DuVernay tells her story with a three-fold theme system. The relationship between Dr King and his wife, Coretta (Carmen Ejogo); the vicious acts that transpire during the civil rights protests; and political and personal restraints. The snapshot of domestic life is the only theme that the director does not explore. DuVernay almost avoids taking the subject further, raising the issue of adultery momentarily, before shutting it down completely, to leave the topic inconclusive.

The other two themes provide a much stronger backstory. Through flashbacks of a tragic bombing that kills several children, and numerous assaults on innocent men and women, DuVernay gives an undiluted message. That is, Selma is about the ‘everyman’. By naming her film after the city where these events transpire, DuVernay makes the film about an entire nation. It is not just the one man who brought them all together.

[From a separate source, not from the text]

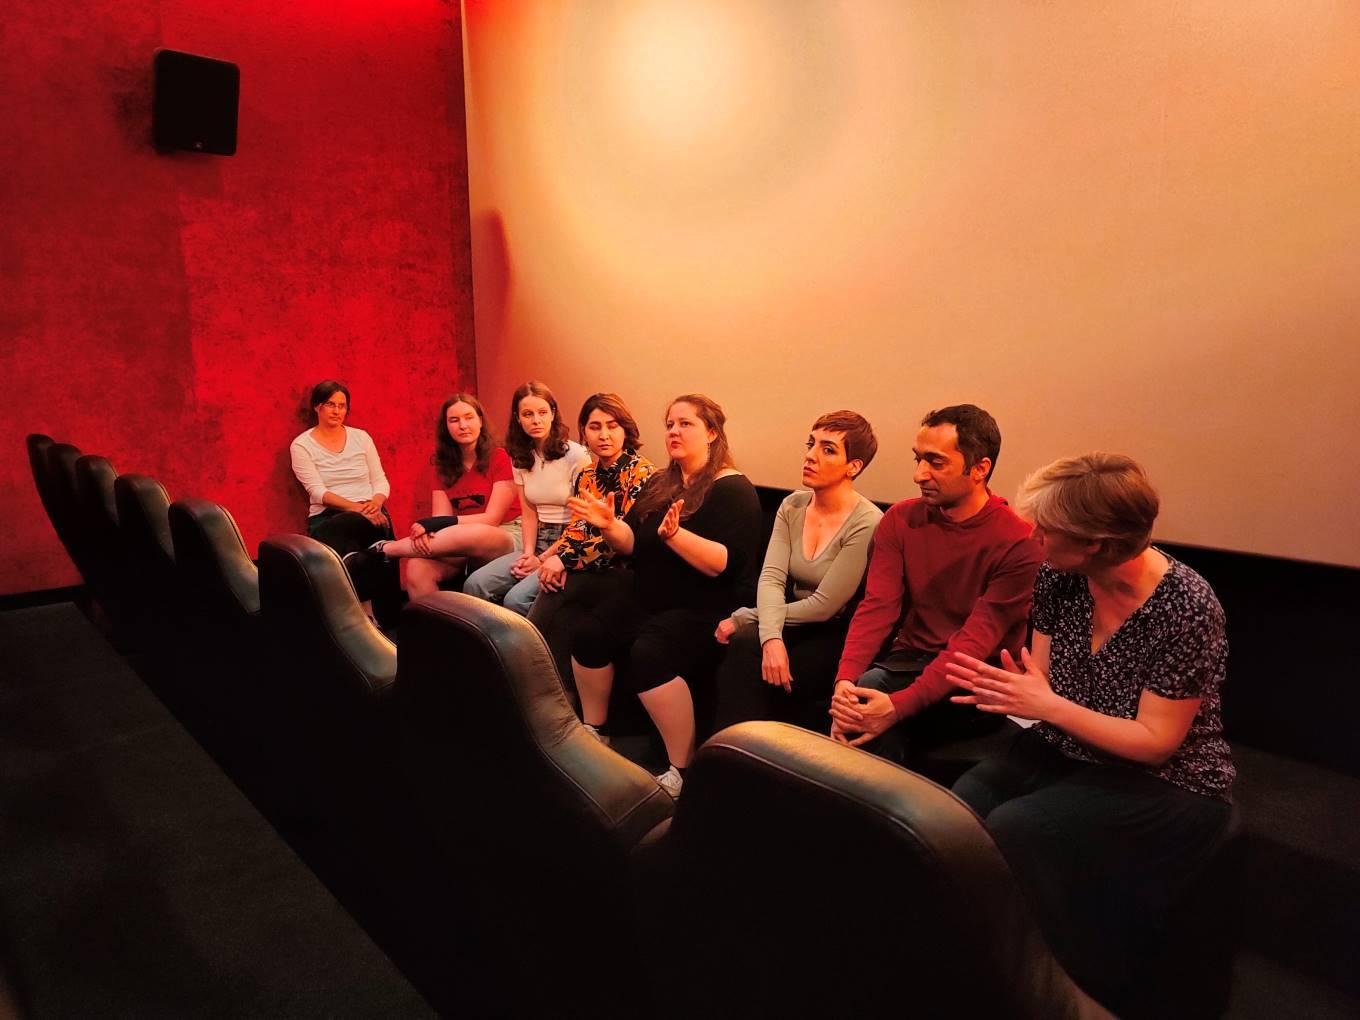 Q&A with the project and production team of "Border Crossings" during the premiere on June 26, 2022 at the Roxy-Lichtspiele cinema in Helmstedt.

Selma has a simplistic style, tasteful and humble cinematography brought to us by Bradford Young (A Most Violent Year). Dulled sepia tones add a depth and beauty to the humblest of scenes. Together, Young and DuVernay create a snapshot of the past. A sensitive and personal portrayal of an unpredictable and brutal time in African-American history. Selma mixes the personal with the national; the political with the historical; the singular with the many. It will leave audiences engaged long after the final credits have rolled.